Dubai and Qatar led market rises in the Gulf on Thursday on the back of property and banking stocks, while Egyptian real estate companies dragged down the market after jumping earlier this week. Dubai's main index rose 1.5 percent as shares in Emaar Properties, the emirate's largest listed developer, jumped 3.8 percent.
This followed an announcement on Wednesday by another large local property firm, unlisted Nakheel, that its net profit surged 54 percent for the first half of this year. The company did not provide quarterly figures, but Reuters calculations showed a net profit of 1.22 billion dirhams ($332 million) in the second quarter compared to 709 million dirhams a year earlier, a 72 percent jump. Nakheel's earnings fuelled optimism about Dubai real estate firms in general - although in Emaar's case, analysts surveyed by Reuters expect the firm's profit growth to slow down to 18 percent in the second quarter from 55 percent in the first.
Meanwhile, shares in cooling firm Tabreed surged 7.9 percent after the company said it was heading a consortium that had acquired a concession to provide district cooling services in Abu Dhabi worth 1.05 billion dirhams. Abu Dhabi's bourse added 0.6 percent on the back of large lenders. First Gulf Bank, which helped finance the Tabreed deal, rose 1.8 percent and National Bank of Abu Dhabi added 1.7 percent.
Both United Arab Emirates markets rebounded earlier this month after sharp drops in June, but now appear to be consolidating as investors await second-quarter reports, due in late July and early August. "We were expecting the volatility to decrease and that's exactly what happened," said Sebastien Henin, head of asset management at The National Investor in Abu Dhabi. "The market should trade sideways in the next few weeks. It should be more quiet."

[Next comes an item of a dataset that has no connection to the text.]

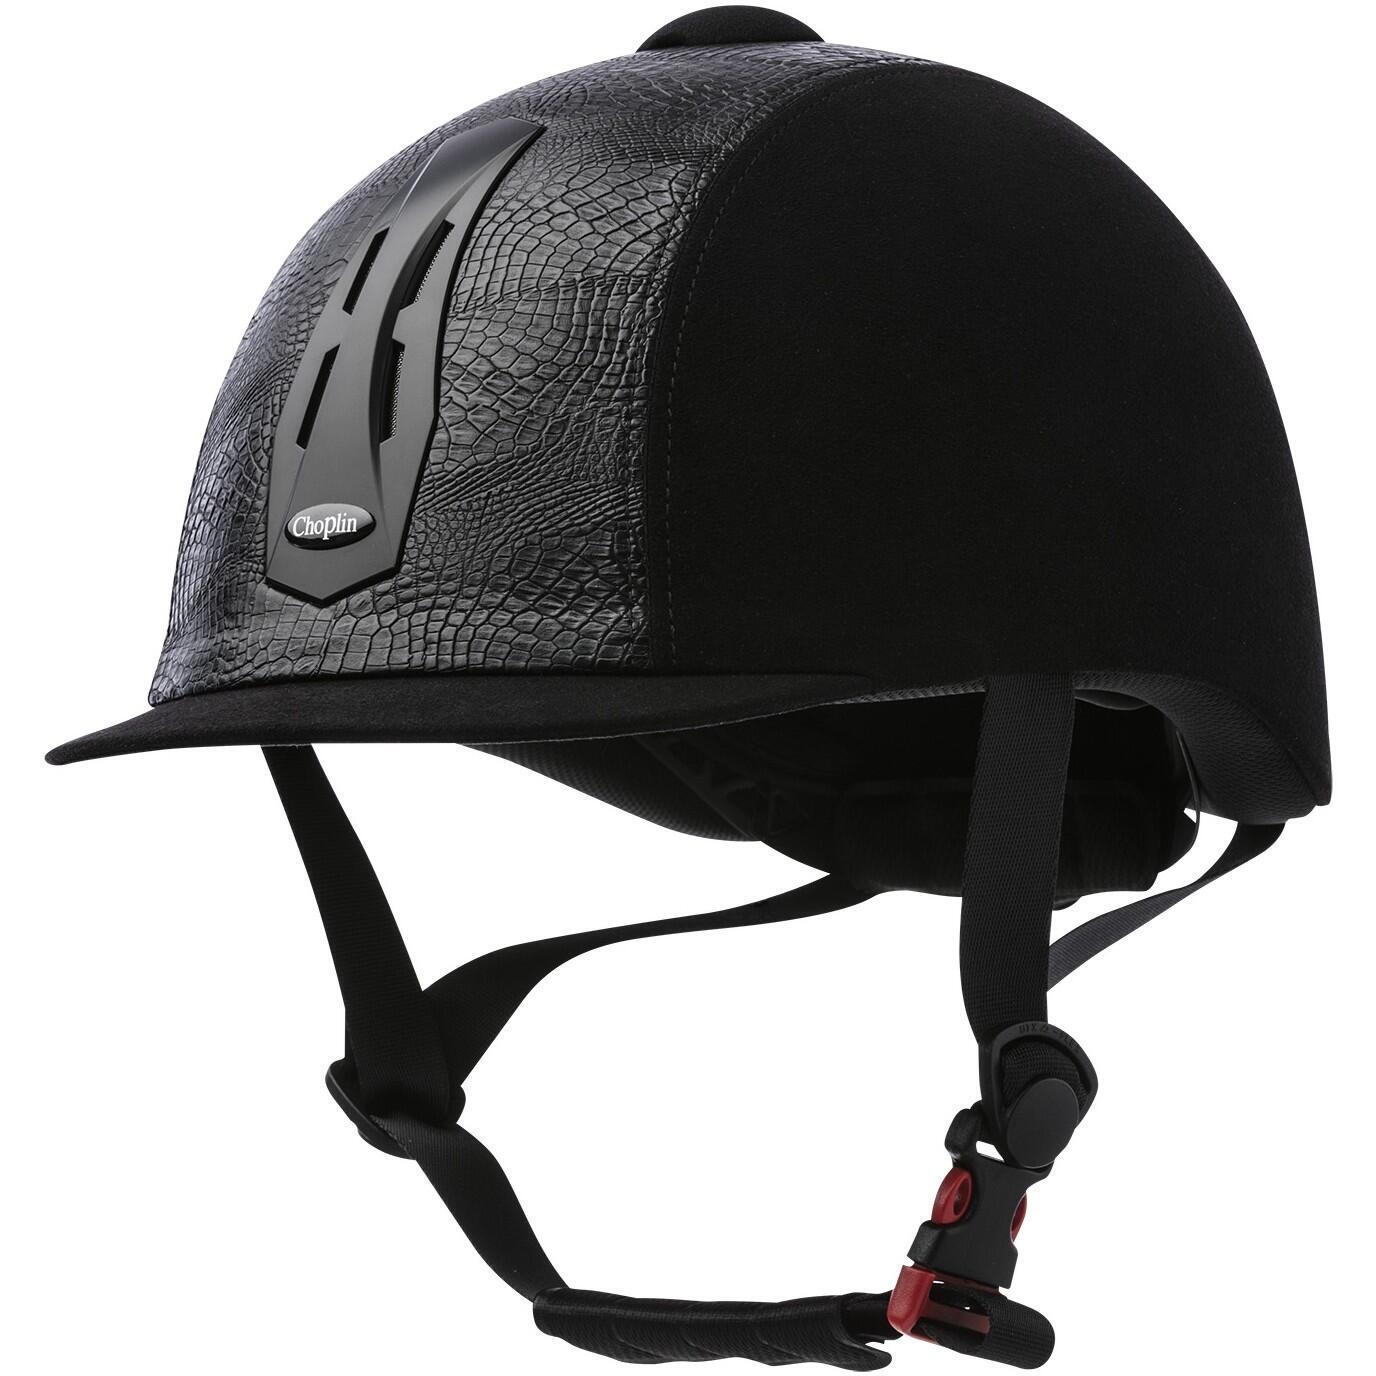 Шлем Choplin Premium для верховой езды, черный шлем для верховой езды младшего возраста классический британский защитный шлем с бриллиантами бархатный дышащий шлем

Qatar's bourse rose 1.6 percent on the back of Islamic lenders. Masraf Al Rayan jumped 4.4 percent and Qatar Islamic Bank added 4.0 percent. Together with the UAE, Qatar became part of MSCI's emerging markets index at the end of May, posting strong gains ahead of the upgrade and dropping sharply in the subsequent correction. "The sell-off in Qatar began on fundamental grounds but was extended by panic and overshot on the downside," said Akber Khan, director of asset management at Al Rayan Investment in Doha. "It made sense for there to be a bounce and now it's a matter of reaching a new equilibrium."
The Cairo bourse pulled back 0.5 percent after gaining 2.2 percent In the previous two sessions as investors scooped up real estate stocks. The rally was based on expectations of increased demand for property as a hedge against inflation after Egypt's government decided to cut fuel subsidies in order to reduce budget deficit. On Thursday, property stocks retreated. Talaat Moustafa Group, the largest listed developer, slid 1.7 percent, Palm Hills Developments was down 2.4 percent and SODI dropped 3.0 percent.
In Saudi Arabia, Saudi British Bank rose 0.8 percent after posting a 15.2 percent increase in second-quarter profit, while the bourse index edged up 0.2 percent. The bank said it earned 1.16 billion riyals ($309 million) in the three months to June 30, compared with 1.00 billion riyals in the same period a year earlier. Analysts surveyed by Reuters had expected the bank to post an average net profit of 1.09 billion riyals for the quarter.